Abstract
The We and others have previously shown that polygenic risk score analysis (PRS) has considerable predictive utility for identifying those at high risk of developing Alzheimer’s disease (AD) with an area under the curve (AUC) of >0.8. However, by far the greatest determinant of this risk is the apolipoprotein E locus with the E4 allele alone giving an AUC of ∼0.68 and the inclusion of the protective E2 allele increasing this to ∼0.69 in a clinical cohort. An important question is to determine how good PRS is at predicting risk in those who do not carry the E4 allele (E3 homozygotes, E3E2 and E2E2) and in those who carry neither the E4 or E2 allele (i.e. E3 homozygotes). Previous studies have shown that PRS remains a significant predictor of AD risk in clinical cohorts after controlling for APOE ε4 carrier status. In this study we assess the accuracy of PRS prediction in a cohort of pathologically confirmed AD cases and controls. The exclusion of APOE4 carriers has surprisingly little effect on the PRS prediction accuracy (AUC ∼0.83 [95% CI: 0.80-0.86]), and the accuracy remained higher than that in clinical cohorts with APOE included as a predictor. From a practical perspective this suggests that PRS analysis will have predictive utility even in E4 negative individuals and may be useful in clinical trial design.

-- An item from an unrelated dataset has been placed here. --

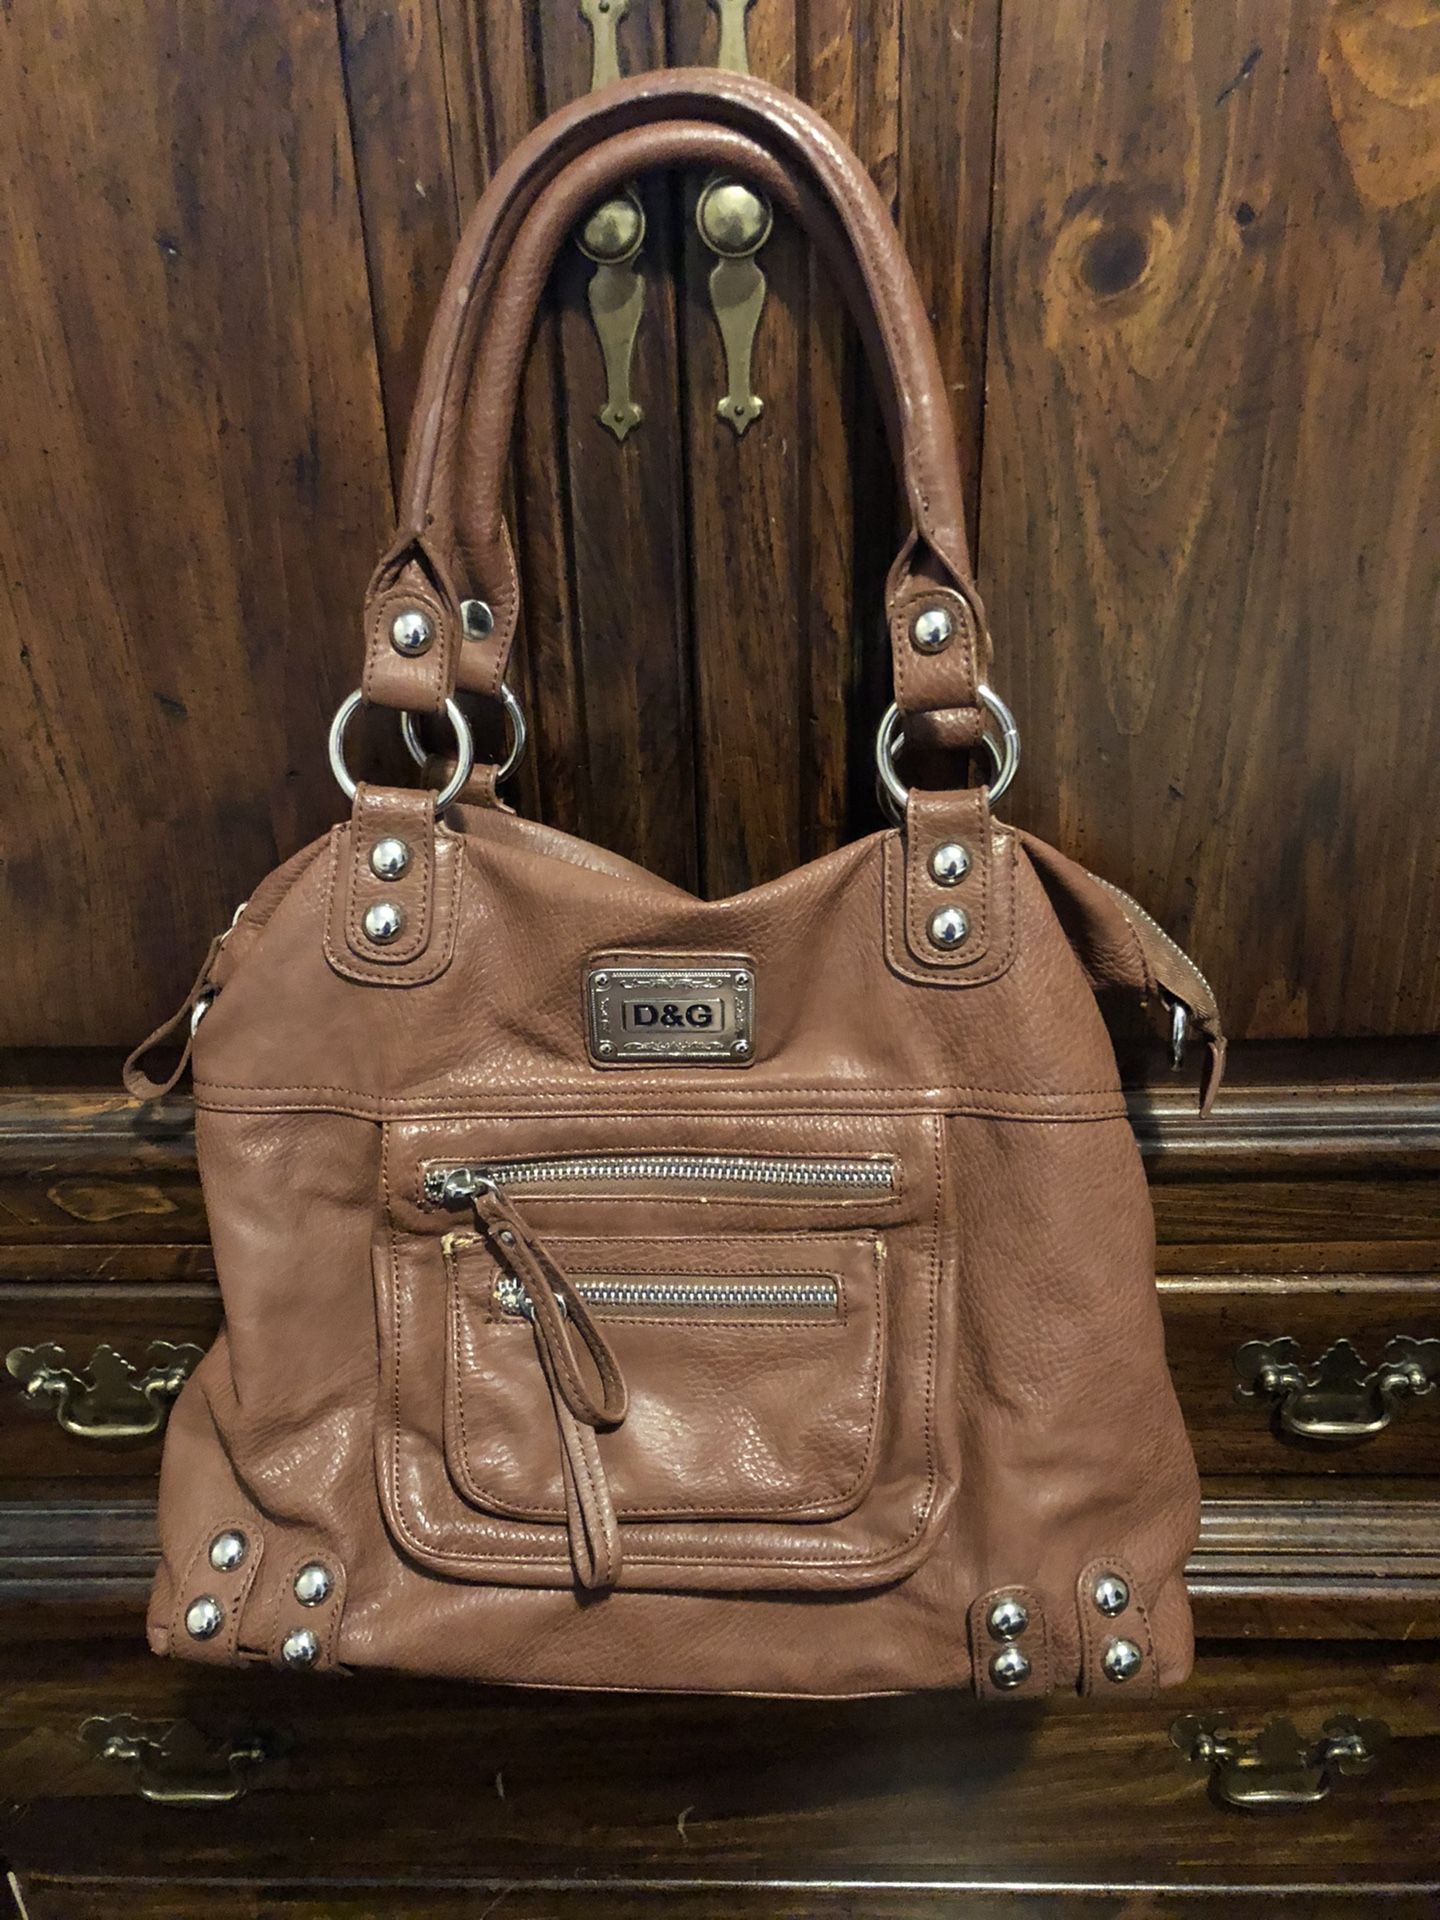 Cute brown bag with silver hardware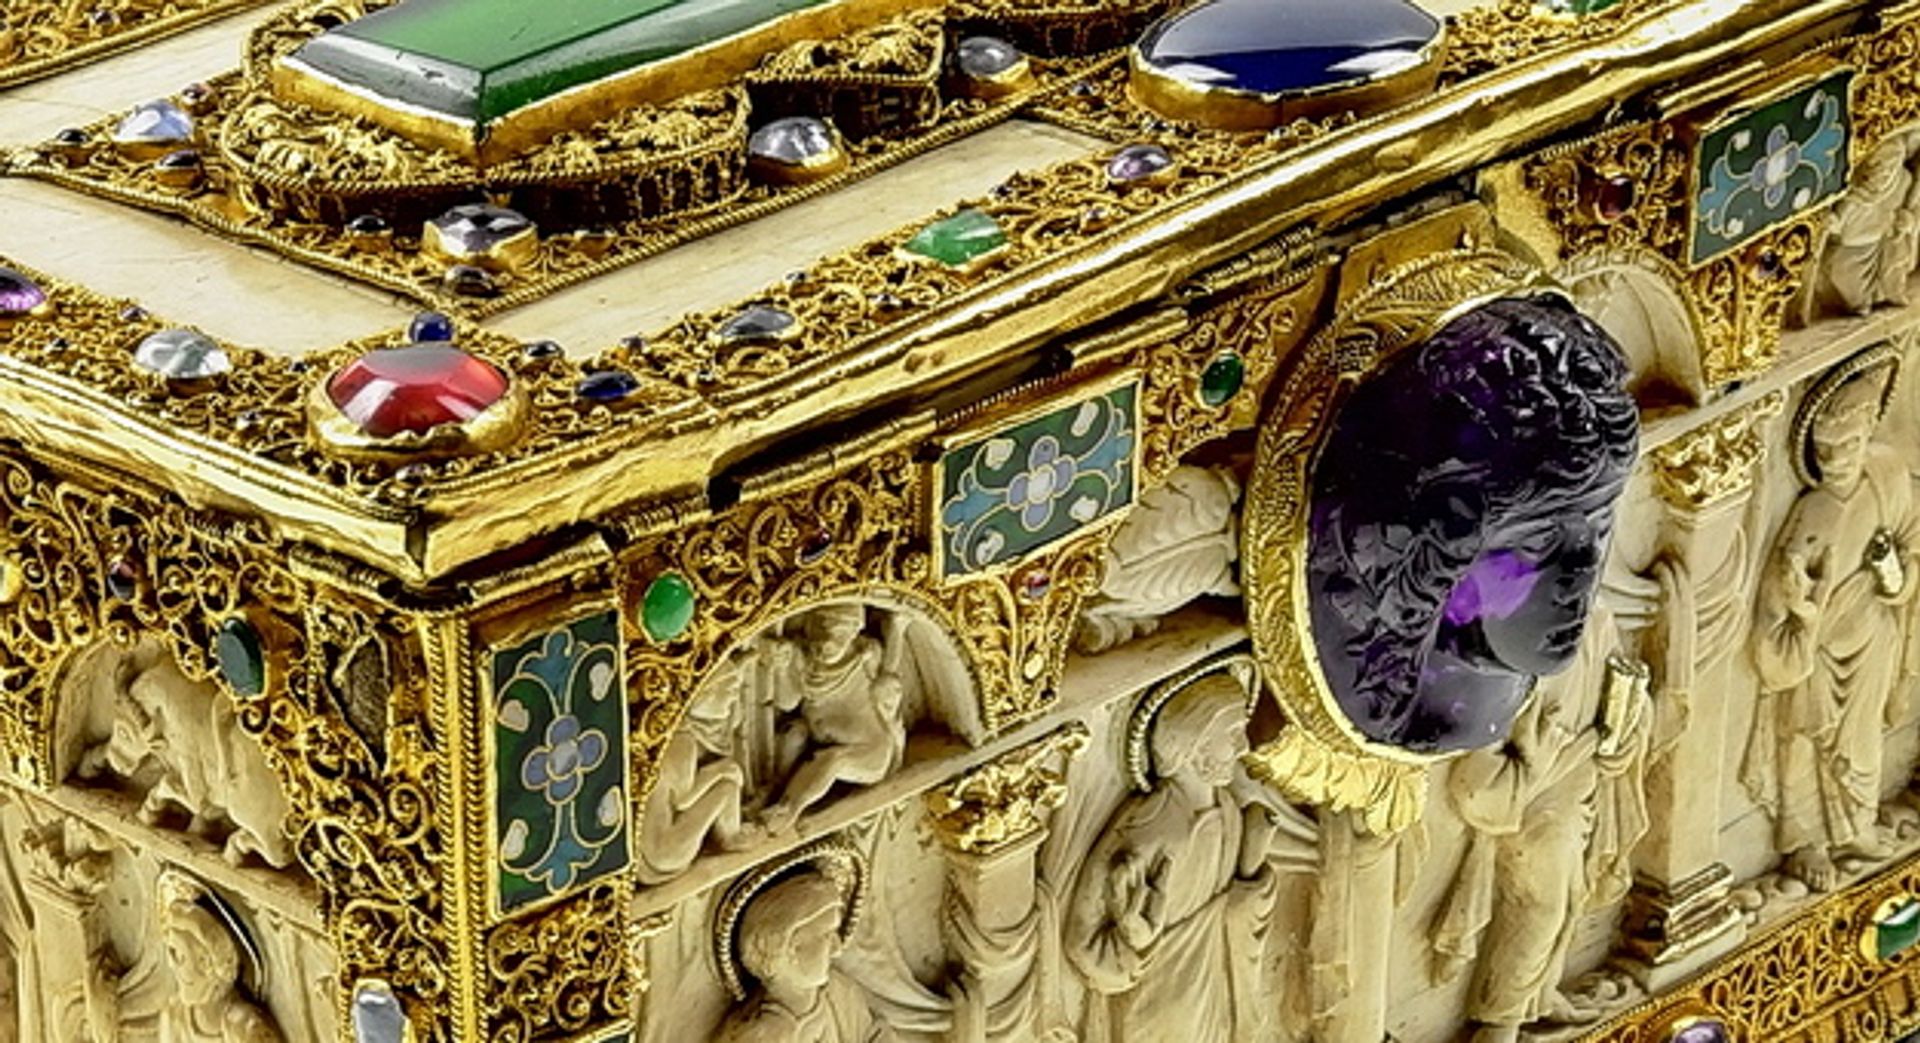 A reliquary inlaid with ivory, gold and gemstones from the church of St Servatius treasury in Quedlinburg Photo: Domschatz Quedlinburg

Key words: Alzheimer’s disease, genetics, pathology, APOE
Introduction
Polygenic risk score (PRS) analysis enhances the predictability of the diagnosis of AD (1). In a recent analysis, we showed that the area under the curve (AUC) in a pathologically confirmed case/control series was 0.84 (2). However, by far the largest contribution to this risk analysis is the E4 allele (risk) and the E2 allele (protective) which gave AUC of 0.68 (E4 alone) and 0.69 (E4+E2) as compared to the overall PRS AUC=0.75 in clinical samples (1). An important practical and theoretical consideration is to understand how good PRS is when the risk at the APOE locus is removed. When this was tested in the clinical series (1) the AUC was reduced from 0.75 in the whole dataset to 0.65 in E3 homozygotes. Assessment of the significance of PRS adjusting for APOE4 statistically was performed (3) and indicated little change in the models’ statistical significance. However for practical application, e.g. selecting individuals for clinical trials, statistical significance is not an informative measure of the algorithm performance. To our knowledge, the PRS accuracy in E3 homozygotes has never been directly investigated in pathologically confirmed samples. Therefore, we tested this in our pathological series by removing from the analysis, first all E4 carriers and then, all E4 and E2 carriers from both the case and the control data sets.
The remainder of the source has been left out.